The Return of Glass-Steagall?

Quote from newwurldmn:
Tax payers bailed out AIG directly, sold puts at zero to JPM on Bear Stears, sold puts at zero to BAC on Merril, and paid off depositers of dozens of regional banks.
And the fed intervened in the LTCM unwind (before my time) and there was the savings and loan crisis in the 80s.

None of this was influenced by Glass Steagal (at least directly). And size does matter because the regionals largely failed because they didn't have the scale to compete with the national banks and they were forced into markets away from their regions.

In fact, if Glass Steagal had existed and Bear was the size that it was, who could have absorbed it (size and legaly)?

Ken Griffin said it right at a congressional hearing (even though he was talking his book) that it's too big to fail, it's "too interconnected to fail."

There are other solutions to protect tax payers. Glass Steagal isn't it.
Hold on, I didn't say anything about the crisis and all the other issues you're raising here...

My question is very simple. Do you think, during normal, non-crisis times, the American taxpayer should be lowering the funding costs of the large "supermarket" banks by allowing these banks to use FDIC-insured deposits to fund investment banking activities? This is on top of the implicit govt backstop that the mkt independently prices in for the TBTF banks. And yes, I realise that these large financial institutions only have everyone's best interests at heart and that, without them, society as we know it will surely unravel.
 
Quote from Martinghoul:

Hold on, I didn't say anything about the crisis and all the other issues you're raising here...

My question is very simple. Do you think, during normal, non-crisis times, the American taxpayer should be lowering the funding costs of the large "supermarket" banks by allowing these banks to use FDIC-insured deposits to fund investment banking activities?

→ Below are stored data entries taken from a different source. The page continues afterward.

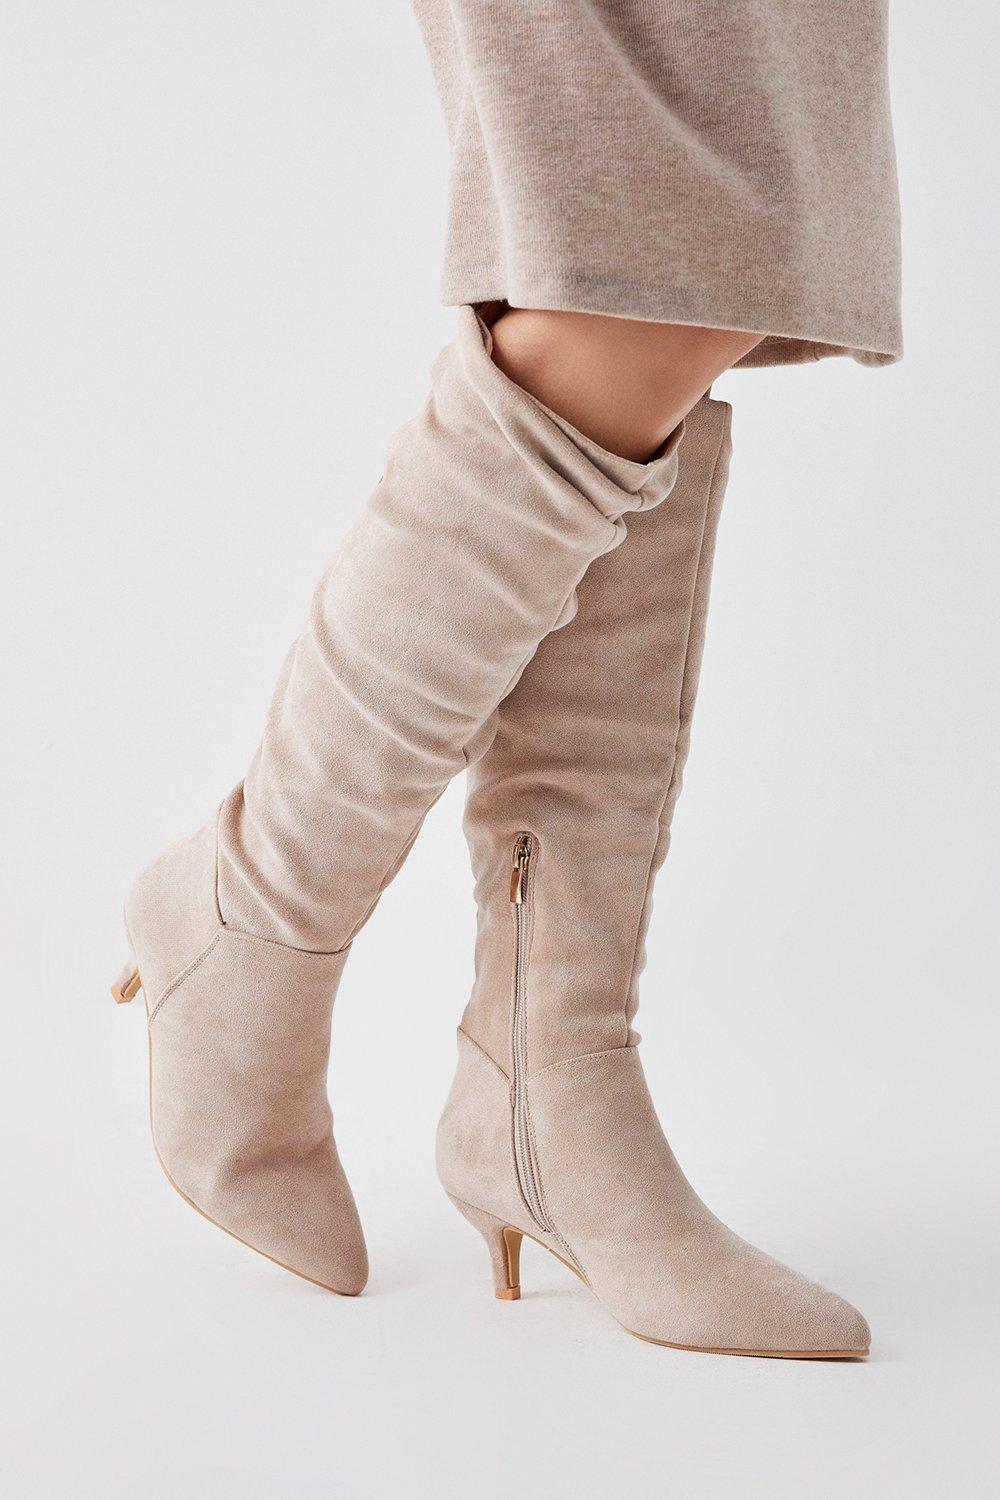 Women’s Khloe Knee High Low Heel Ruched Boots - beige - 7
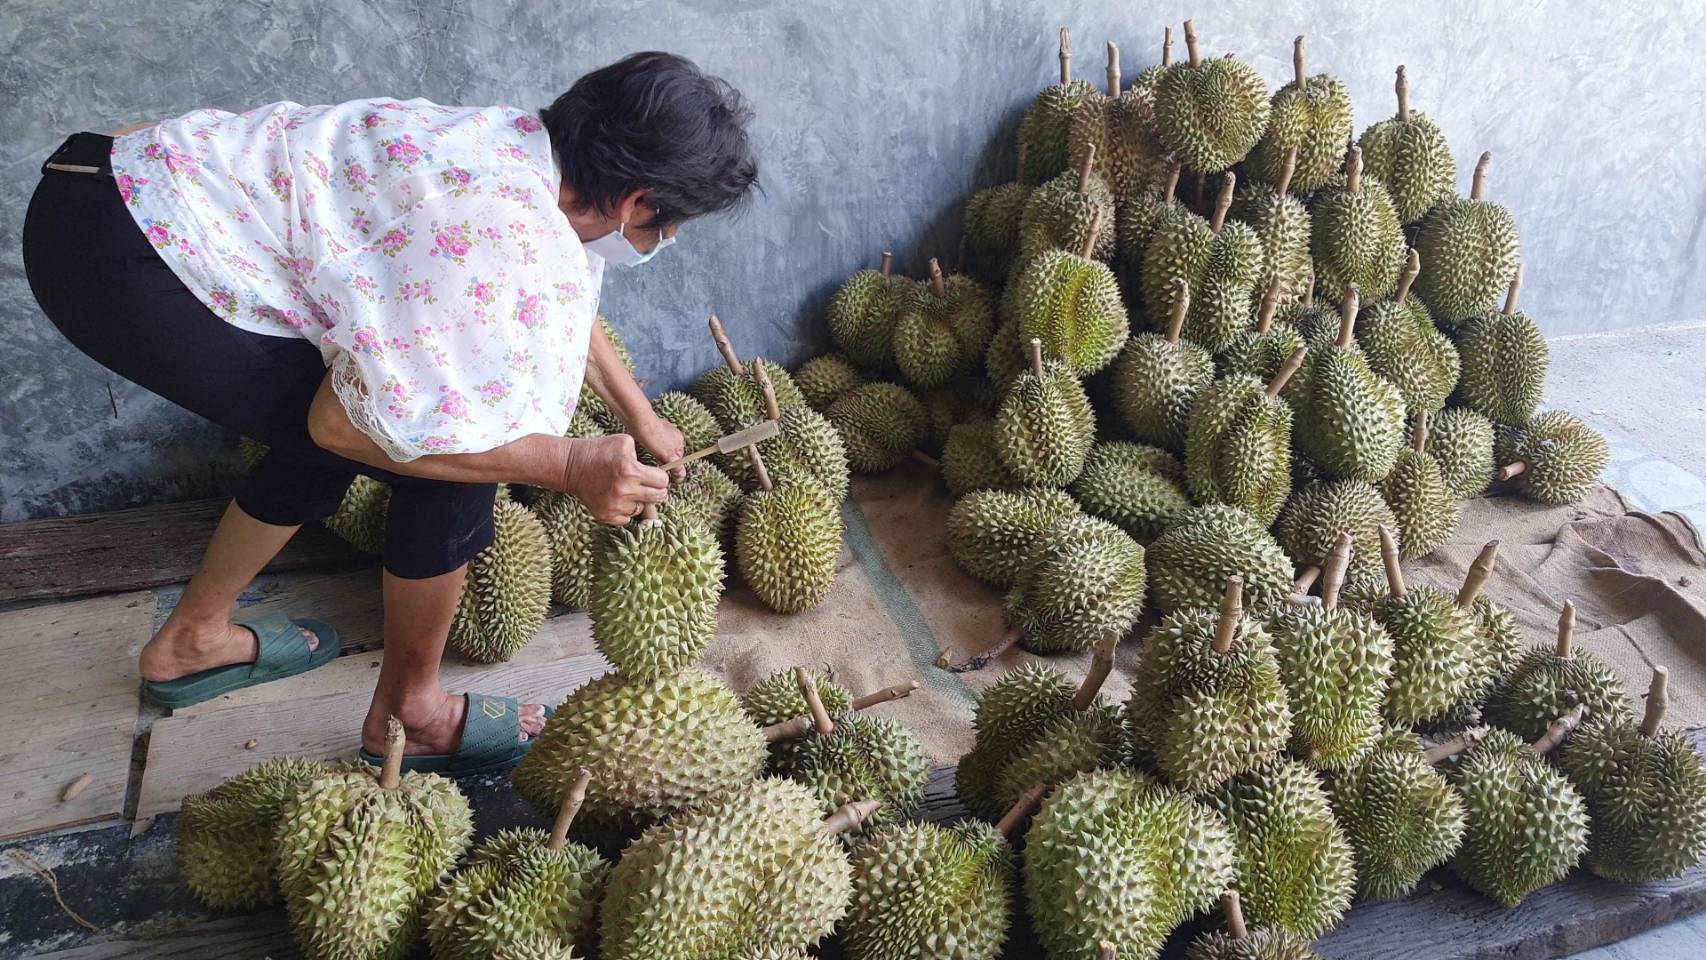 durian seller
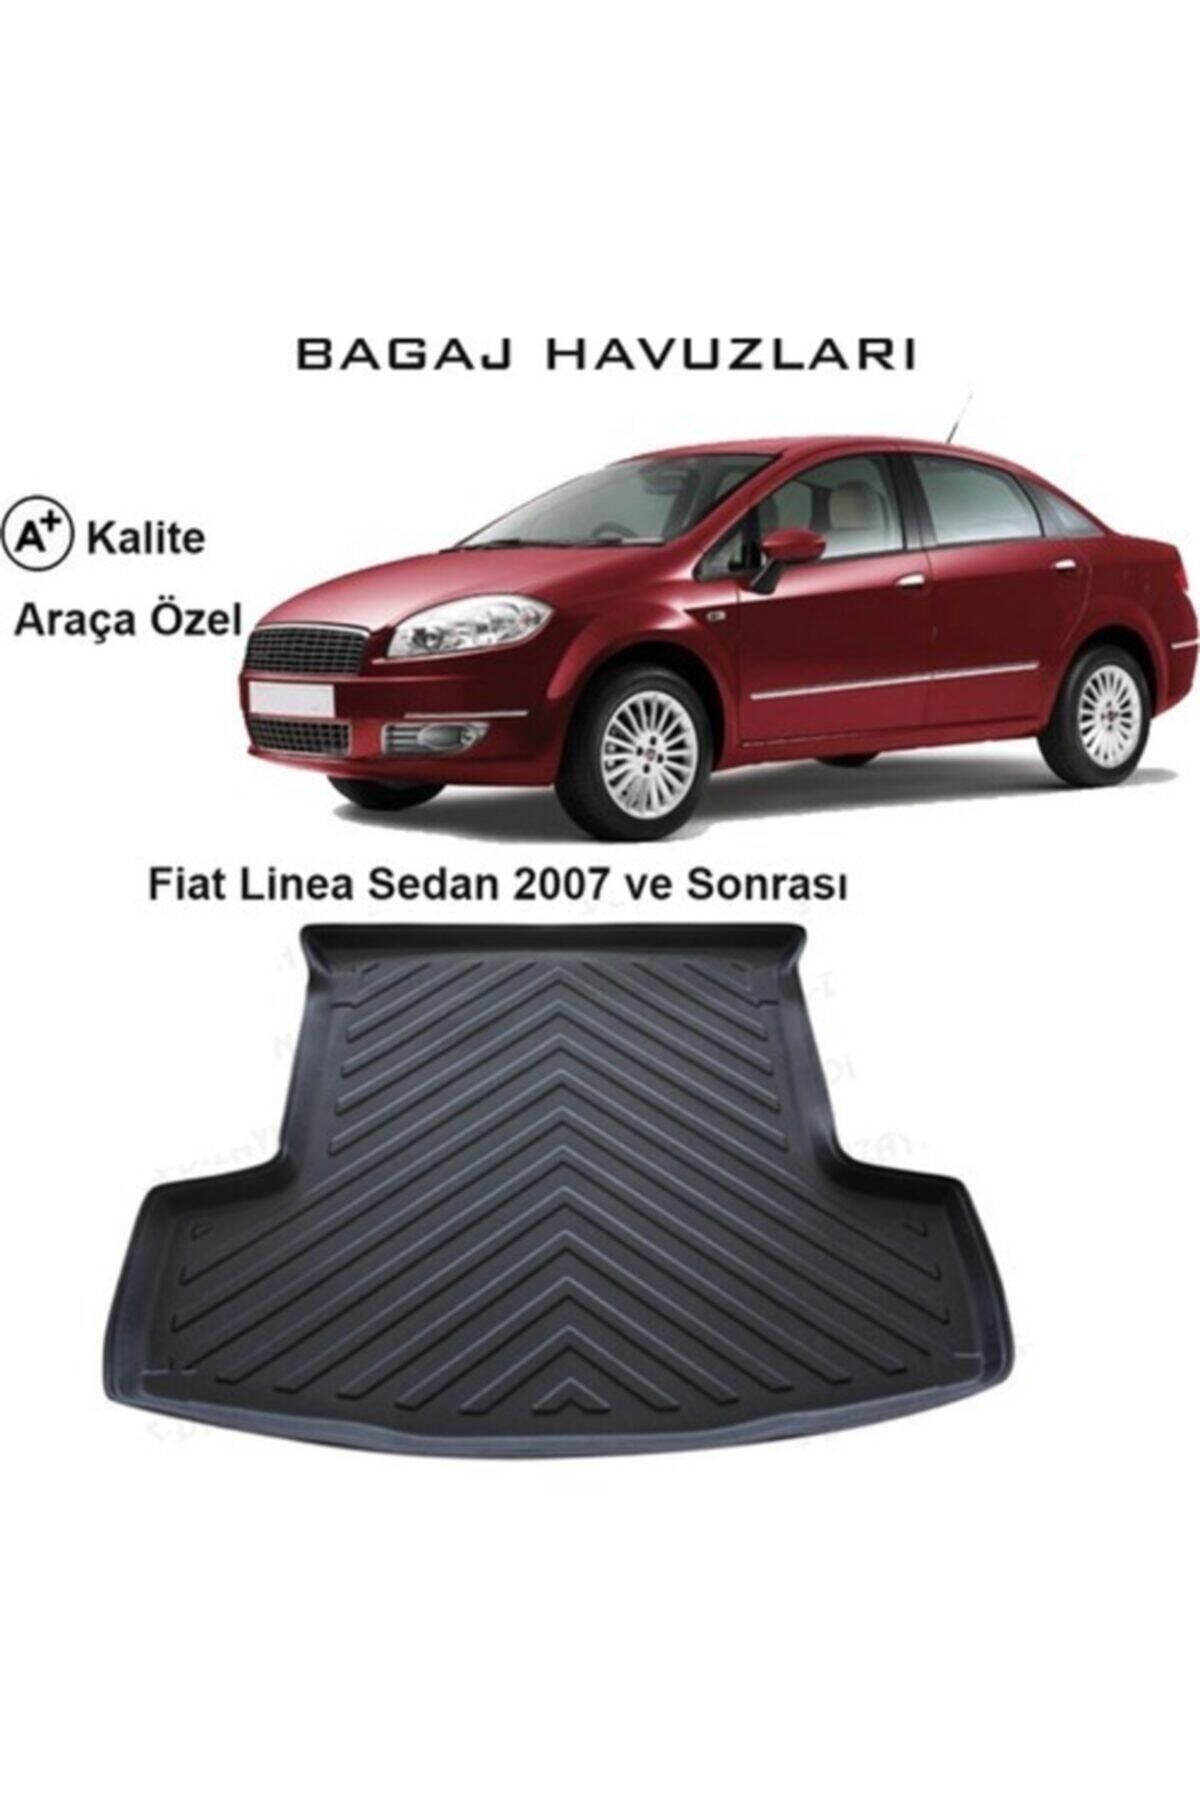 KG GROUP Fiat Linea Sedan 2007 Ve Sonrası 3d Bagaj Havuzu

Yes. As much as they should be lowering the funding costs for banks to offer commercial bank lines to corporations, home buyers, and credit card users.

And yes, I realise that these large financial institutions only have everyone's best interests at heart and that, without them, society as we know it will surely unravel.

:)
 
Quote from newwurldmn:
Yes. As much as they should be lowering the funding costs for banks to offer commercial bank lines to corporations, home buyers, and credit card users.
In this case, we will have to agree to disagree...
 
I forgot this has already been voted on twice in Dodd-Frank and shot down. Almost zero chance of it passing, at least in this administration.

Quote from nitro:

Prop traders are moving to Hedge Funds:

http://www.elitetrader.com/vb/showt...ll&pagenumber=1

Hedge Fund advertising rule about to become law:

http://www.elitetrader.com/vb/showt...threadid=276431

Europe strikes deal to push cost of bank failure on investors

http://www.elitetrader.com/vb/showt...threadid=276023


Glass Stegall reinstated? Seems like a logical consequence of the first two above. The argument for the repeal of GS (not Goldman Sachs, although it is an interesting pun) the argument was that Europe did not have a similar law [they move in the opposite direction, see link 3 above], and US banks could not compete and it was actually sold as a national security issue (I don't remember where I read that).

If you put the pieces together posted in this and the Economics forum over the years, the logic of causation is pretty straightforward, and I expect it to pass forcefully.
 
Quote from MarketMasher:

LOL :D

It has to be a SINGLE, SILVER BULLET piece of legislation that will GUARANTEE that we can NEVER HAVE another BANKING CRISES for ALL TIME!!

He so smart.

Bubble Ben is already sowing the seeds to the next financial or banking crisis.
 
Bail-in is the new rule, going forward. Bank failures/deposit confiscations >100K, like Cyprus, will occur in the United States, when the next crisis hits. Glass-Steagall 2.0 mitigates the damage. It won't pass because DC is owned by the banking establishment. Good luck.
 
It's partly down to that too big to fail argument isn't it. Perhaps it would help if investment companies and banks branch off financially independent companies as they grow. Then if they are mismanaged it won't bring the whole system down.